Bloom Filter Optimization Interferes with LEFT JOIN Semantics in Complex View-Based Queries

Issue Overview: Query Involving UNION ALL View and LEFT JOIN Returns No Rows in SQLite ≥3.38.0

The core issue manifests when executing a complex query involving a view created with UNION ALL across multiple tables, joined with other tables through INNER JOINs and a LEFT JOIN. In SQLite versions prior to 3.38.0, this query returns expected results matching specific coordinate transformation criteria. Starting with version 3.38.0, the same query returns zero rows despite identical schema and data. The regression stems from changes in query planner optimizations related to Bloom filters introduced in commit a11c5e22b5eb32cdf2061a6c19fd7bf4d2a36e05.

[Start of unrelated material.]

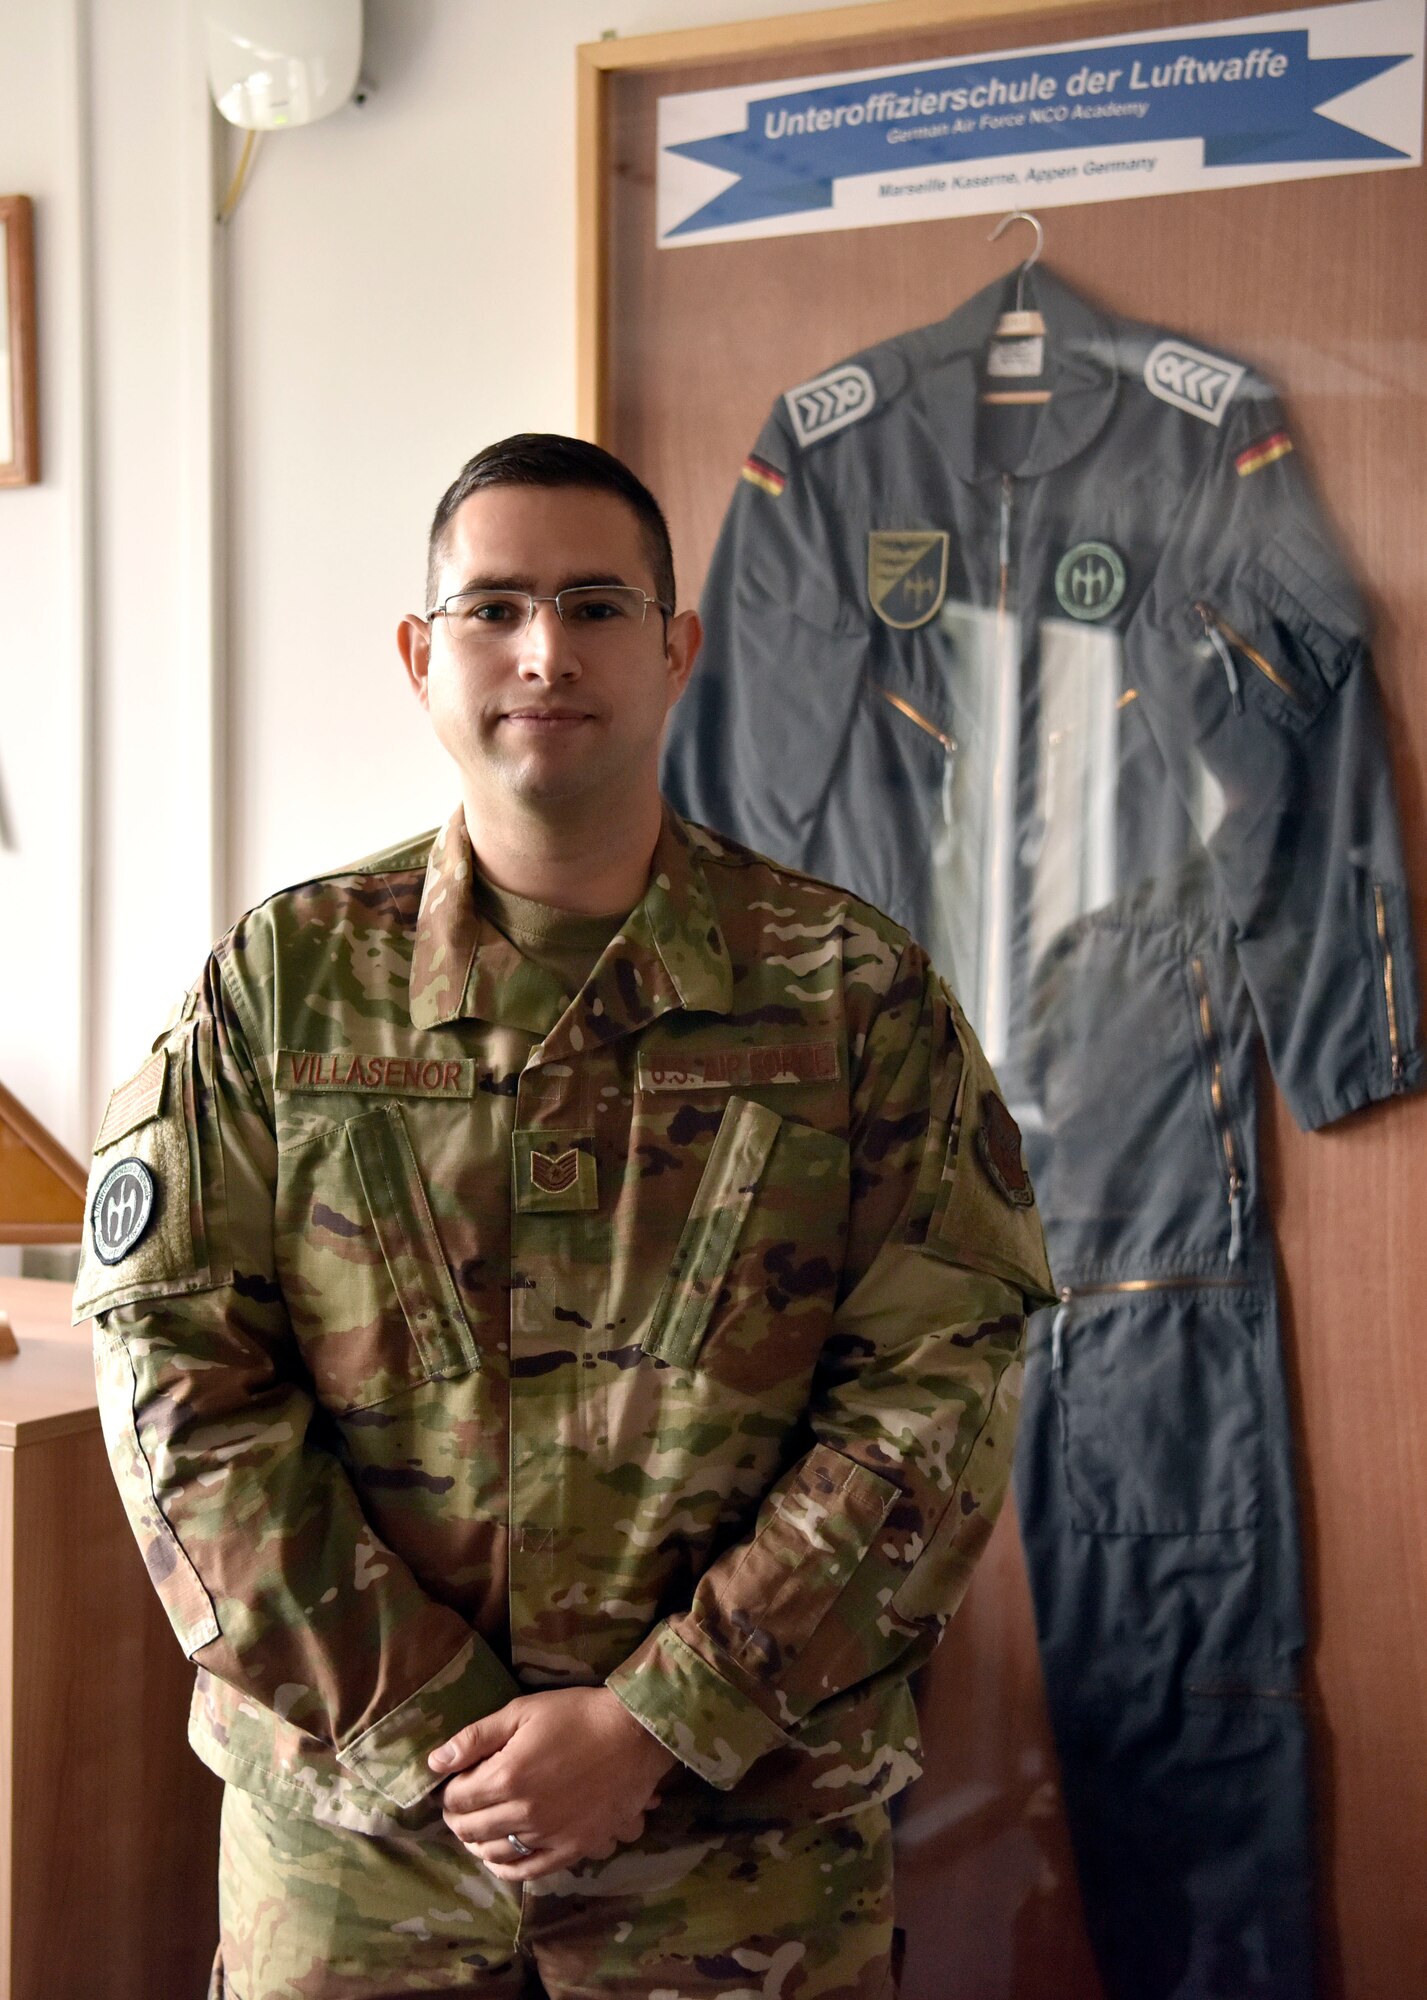 Tech. Sgt. Emmanuel Villasenor, German NCO Academy instructor, stationed at Marseille Kaserne, Appen, Germany, is one of only three enlisted members in Europe serving under the U.S. Air Force Military Personnel Exchange Program. (U.S. Air Force photo by Tech. Sgt. Lindsey Maurice)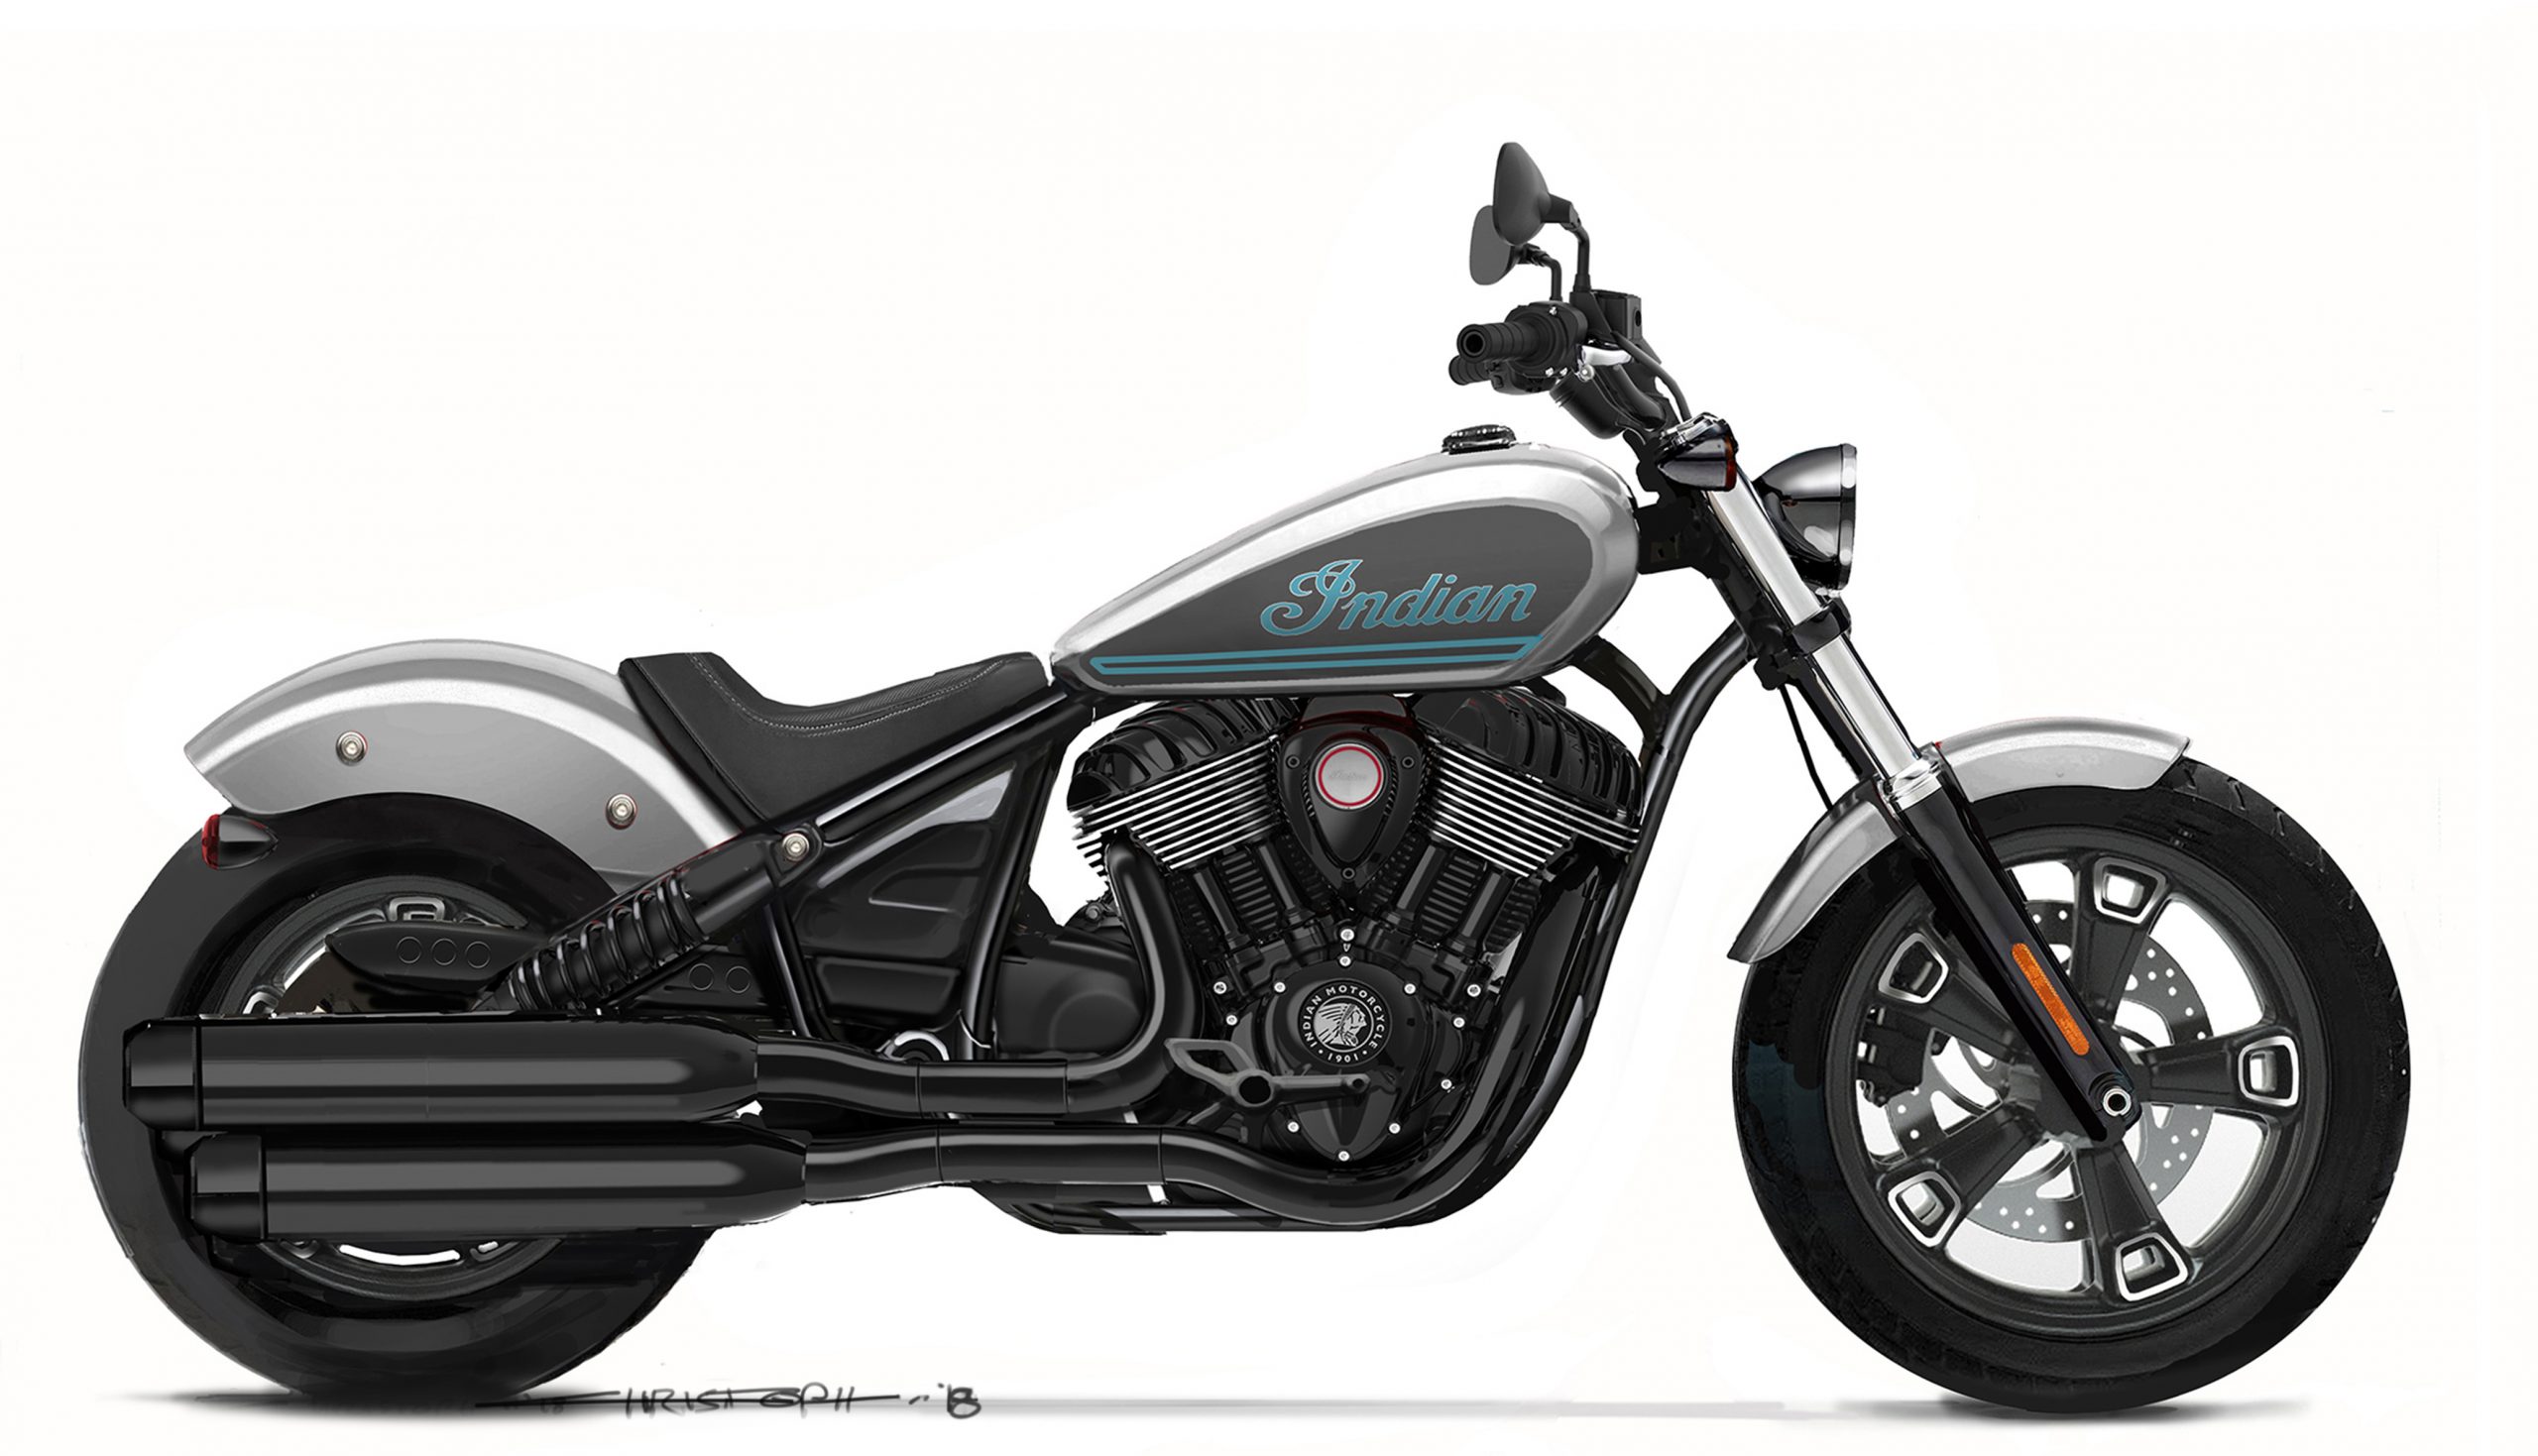 A design drawing of Indian's new 2021 Chief Motorcycle

Key components of the failing scenario include:

  1. View Definition: A coordinate_operation_view combining grid_transformation and other_transformation tables via UNION ALL
  2. Join Structure: Two self-joins of the view connected through CRS (Coordinate Reference System) code relationships
  3. LEFT JOIN Condition: A supersession check that should allow non-matching rows but incorrectly filters them
  4. Filtering Criteria: Multiple equality conditions on CRS codes and spatial extent checks via joined tables
  5. Ordering Clause: An ORDER BY based on summed accuracy values from both transformation steps

The query’s semantic intent is to find valid transformation chains between coordinate systems while considering possible supersessions and spatial extents. The UNION ALL view provides a unified interface to different transformation types, while the LEFT JOIN on supersession allows for optional deprecation information. The regression causes premature filtering of rows that should survive the LEFT JOIN due to Bloom filter misapplication.

Critical observations from the failure pattern:

  • Disabling the ORDER BY clause restores results in 3.38.0
  • Moving the LEFT JOIN position in the FROM clause resolves the issue
  • ANALYZE statistics influence but don’t prevent the regression
  • The problem persists in subsequent versions up to latest trunk

Underlying technical factors include:

  • Bloom filter optimizations now apply to RIGHT tables of LEFT JOINs
  • UNION ALL view materialization interacts with join reordering
  • Predicate pushdown through view layers alters null-handling
  • Index selection heuristics changed by new optimization flags

Query Planner Misapplies Bloom Filters to LEFT JOIN Right-Hand Side

Possible Causes: Bloom Filter Optimization Disrupts LEFT JOIN Null Preservation

The regression root cause lies in enhanced Bloom filter optimizations for LEFT JOINs introduced in SQLite 3.38.0. Bloom filters are probabilistic data structures used to quickly eliminate impossible join candidates early in query execution. The problematic commit (a11c5e22b5eb32cdf2061a6c19fd7bf4d2a36e05) extended Bloom filter usage to the right-hand side of LEFT JOINs, creating these scenarios:

  1. Premature Row Elimination
    Bloom filters built from WHERE clause predicates may incorrectly filter rows from the RIGHT table of a LEFT JOIN before null-extension occurs. This violates SQL standard LEFT JOIN semantics requiring preservation of LEFT table rows regardless of RIGHT table matches.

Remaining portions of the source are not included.